A book that begins with a fragment of a Leonard Cohen song is unlikely to be all bad, and this one is pretty good. Published 3 years ago, it deserves rereading or reading for the first time by anyone with an interest in how research evidence gets into clinical practice — precisely the theme of this month’s BJGP. John Gabbay is a distinguished health services researcher and Andrée le May is professor of nursing at Southampton. Together they have produced a book which is remarkable in many ways, not least in the way that it wears its scholarship lightly and contains, on almost every page, an observation, reflection, or idea to which any practising GP will relate.
At the core of the book is the concept of clinical mindlines; the complex, interwoven threads of information, experience, education, and evidence that act as internalised and highly personal clinical guidelines and heuristics that underlie and, importantly, continually interact with patient management.
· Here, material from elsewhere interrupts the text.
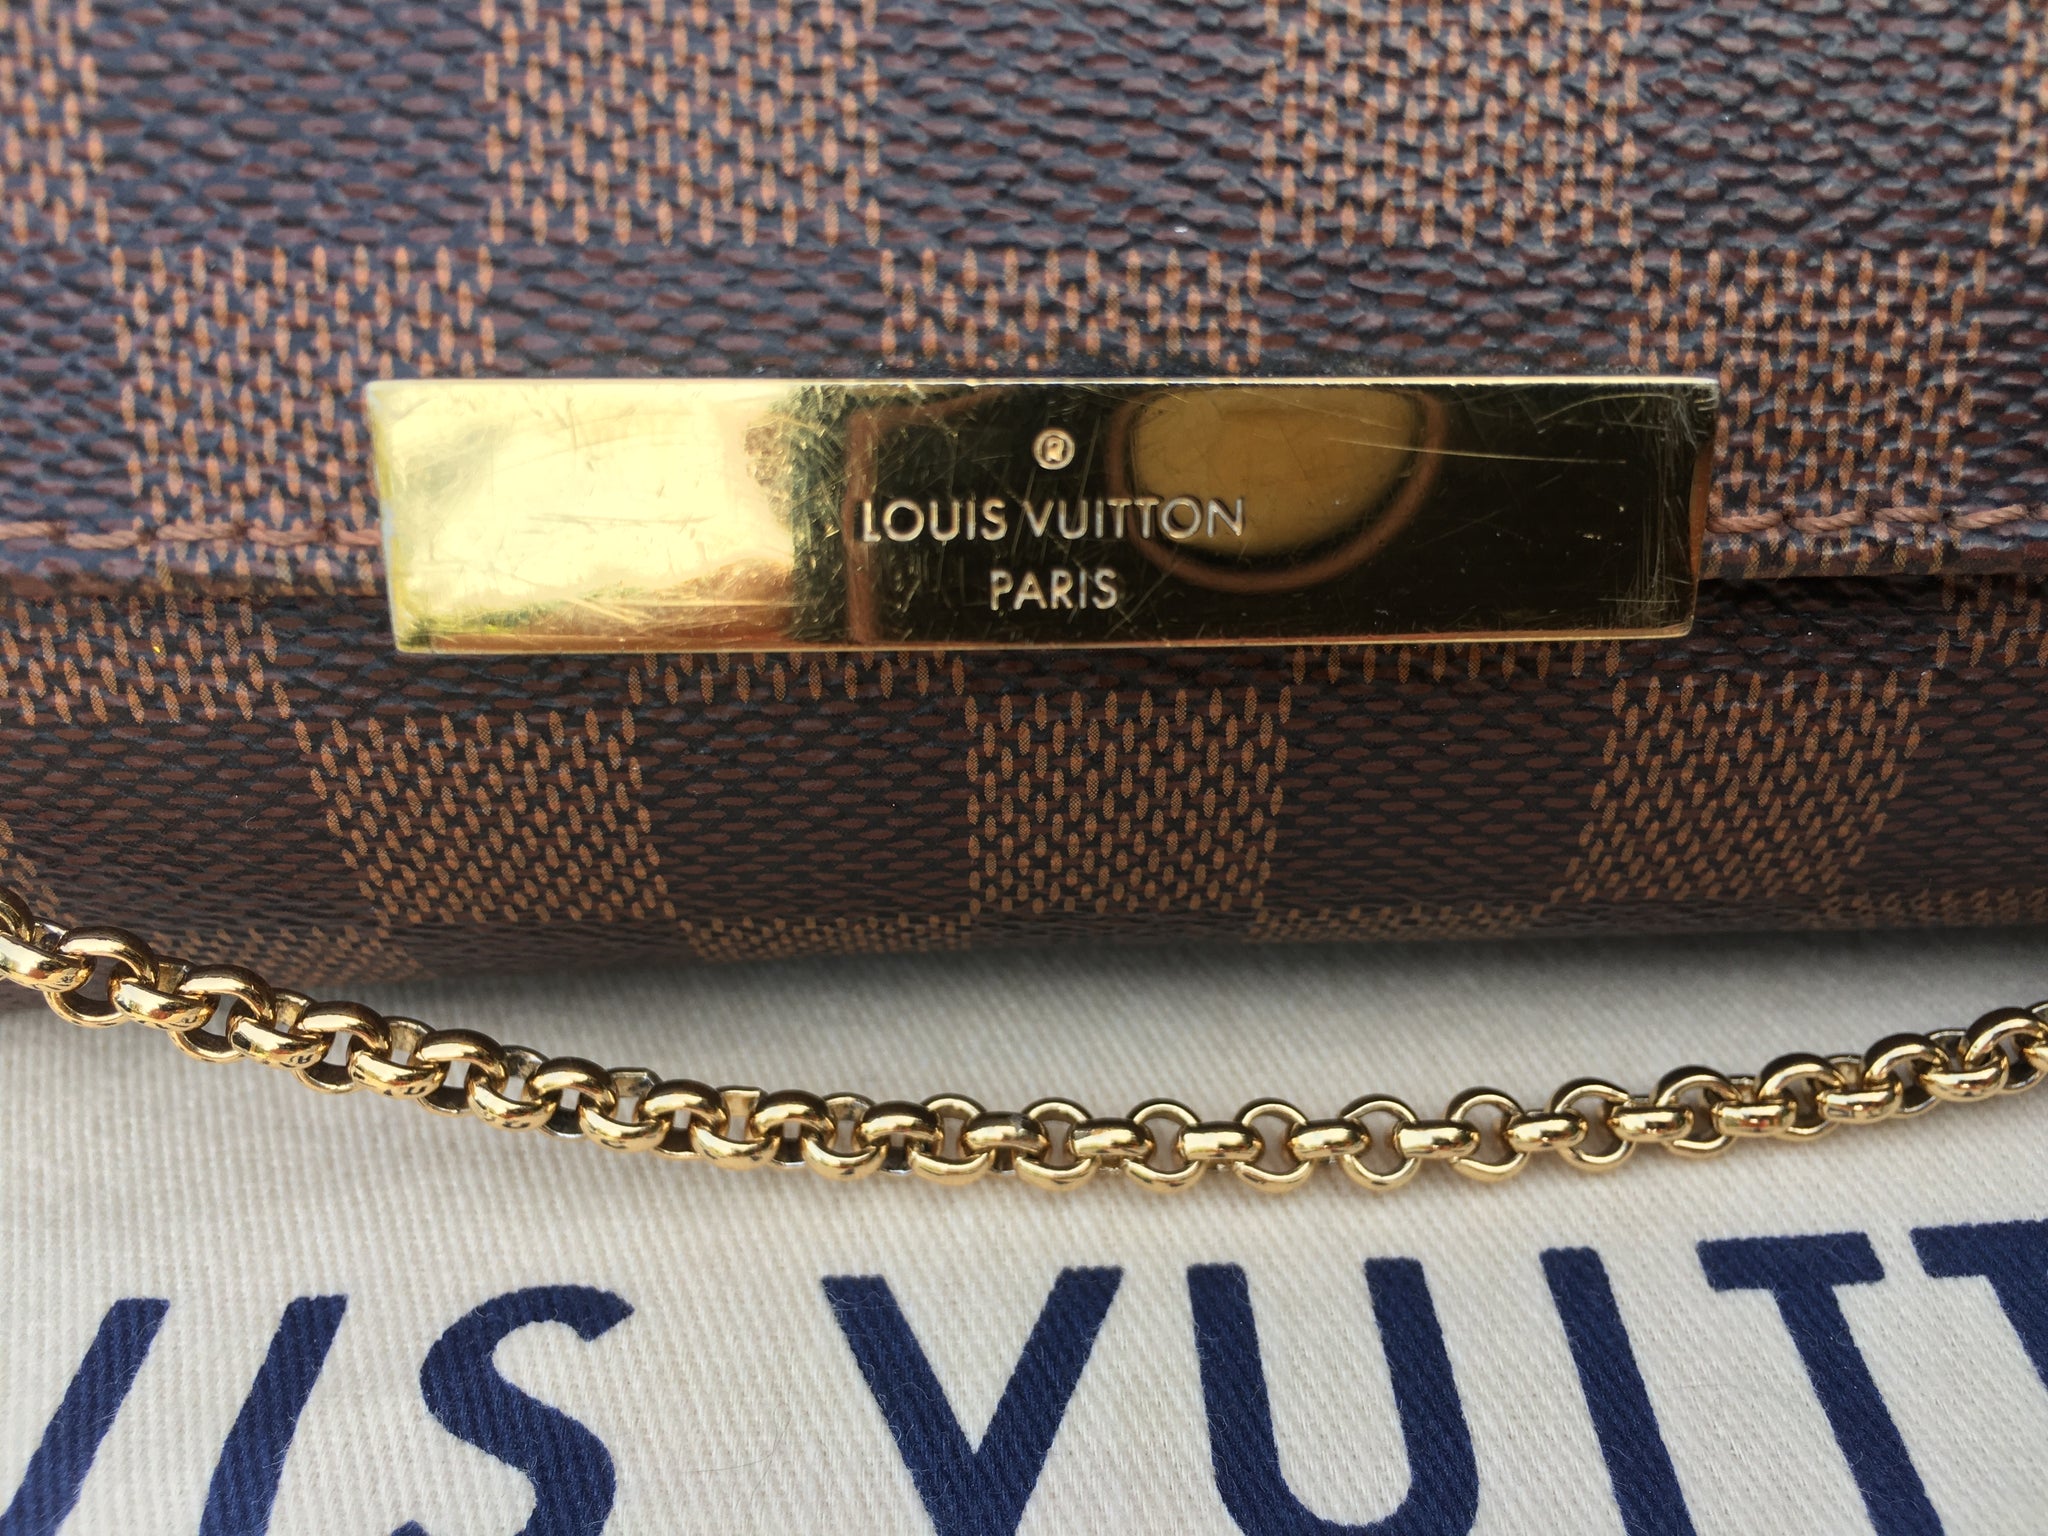 Các sao Hoa Ngữ cùng diện túi Louis Vuitton Dauphine, ai xuất sắc hơn?

Using data collected in their own revealing and detailed ethnographic research carried out in four disparate general practices, and drawing on a range of social theory, Gabbay and le May map out the complex territory lying between the publication of research evidence and its application to real-world general practice.
Science, evidence, and published guidelines interact with many other factors such as local norms and routines, tacit and experiential knowledge, peer values, institutional culture and role modelling. We are taken on an exciting intellectual and professional journey through the growth and nourishment of mindlines and on to the development of communities of practice and the co-creation of clinical reality. There is an extremely useful concluding chapter, with important summary points for the improvement of practice-based evidence. The accompanying notes on each chapter are almost as interesting as the chapters themselves, and there is an excellent bibliography. Gabbay and le May have come as close as anything I’ve read to explaining exactly how, as Leonard Cohen has it, ‘the light gets in’.